Constructor & Destructor Documentation

template<int dim>

FuelCellShop::Layer::MembraneLayer< dim >::MembraneLayer ( )

protected

Replica Constructors.

Warning

For internal use only.

Constructor used only to create a prototype. Do not use in general since this will not include the name of the section in the parameter file you need.

template<int dim>

FuelCellShop::Layer::MembraneLayer< dim >::MembraneLayer ( std::string  name )

protected

Constructor.

Note

Eventually, I would like to make this private.

Deprecated:

Use create_MembraneLayer

template<int dim>

FuelCellShop::Layer::MembraneLayer< dim >::~MembraneLayer ( )

protected

Destructor.

Member Function Documentation

template<int dim>

static boost::shared_ptr<FuelCellShop::Layer::MembraneLayer<dim> > FuelCellShop::Layer::MembraneLayer< dim >::create_MembraneLayer ( std::string  pem_section_name, ParameterHandler &  param  )

inlinestatic

Function used to select the appropriate MembraneLayer type as specified in the ParameterHandler under line.
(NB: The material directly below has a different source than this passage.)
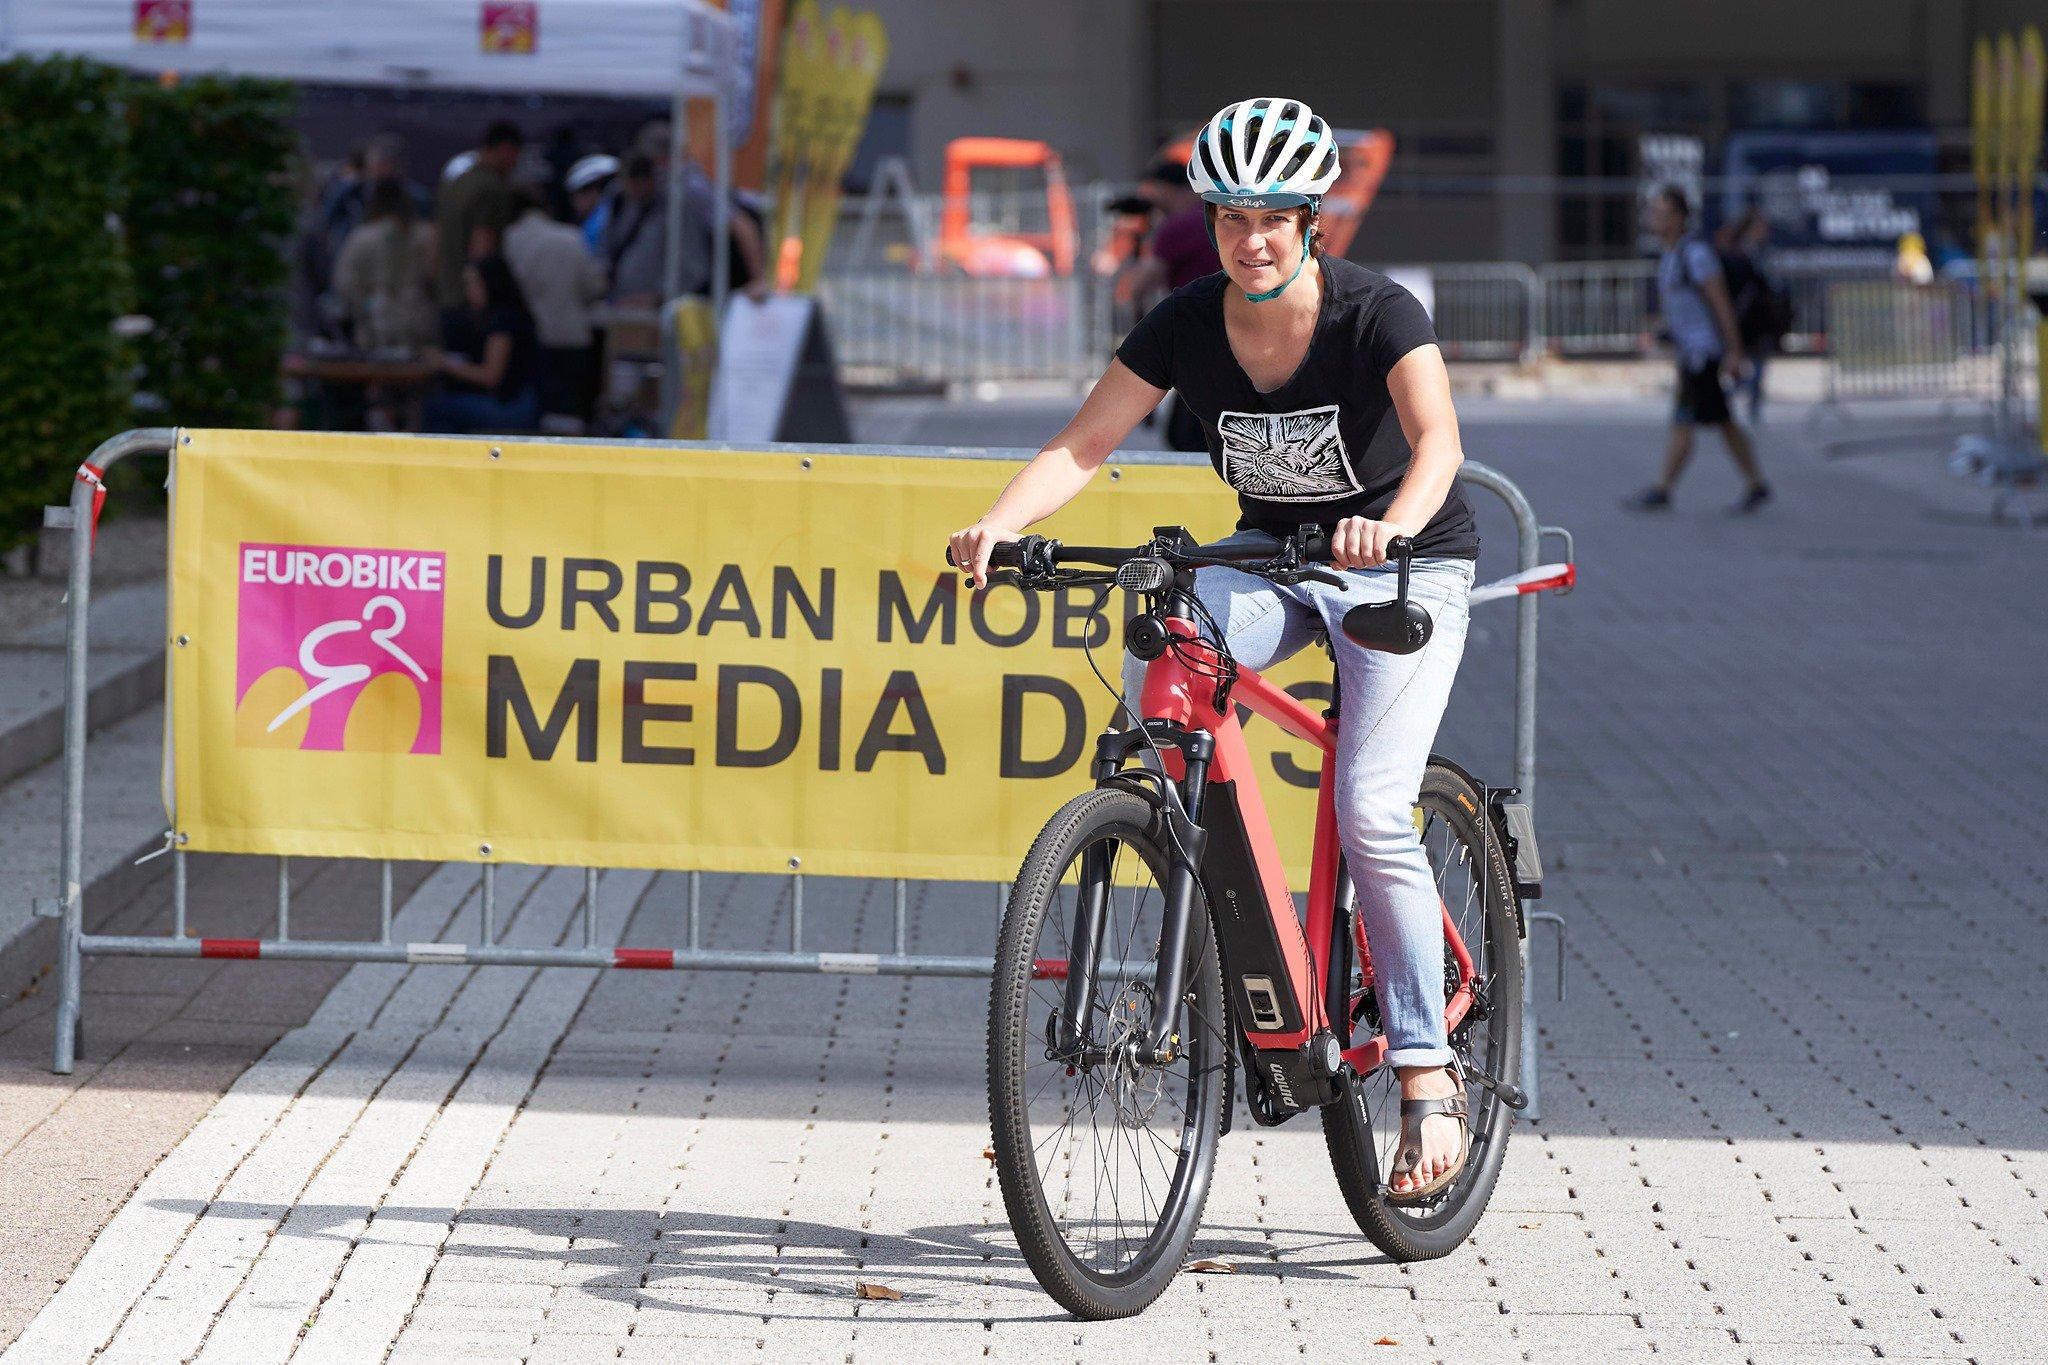 eurobike-media-days

* set Membrane type = NafionMembrane 
* 

current options are [ ]

The class will read the appropriate section in the parameter file, i.e. the one with name

Parameters

pem_section_name,create

an object of the desired type and return it.

References FuelCellShop::Layer::MembraneLayer< dim >::create_replica(), FuelCellShop::Layer::MembraneLayer< dim >::get_mapFactory(), and FcstUtilities::log.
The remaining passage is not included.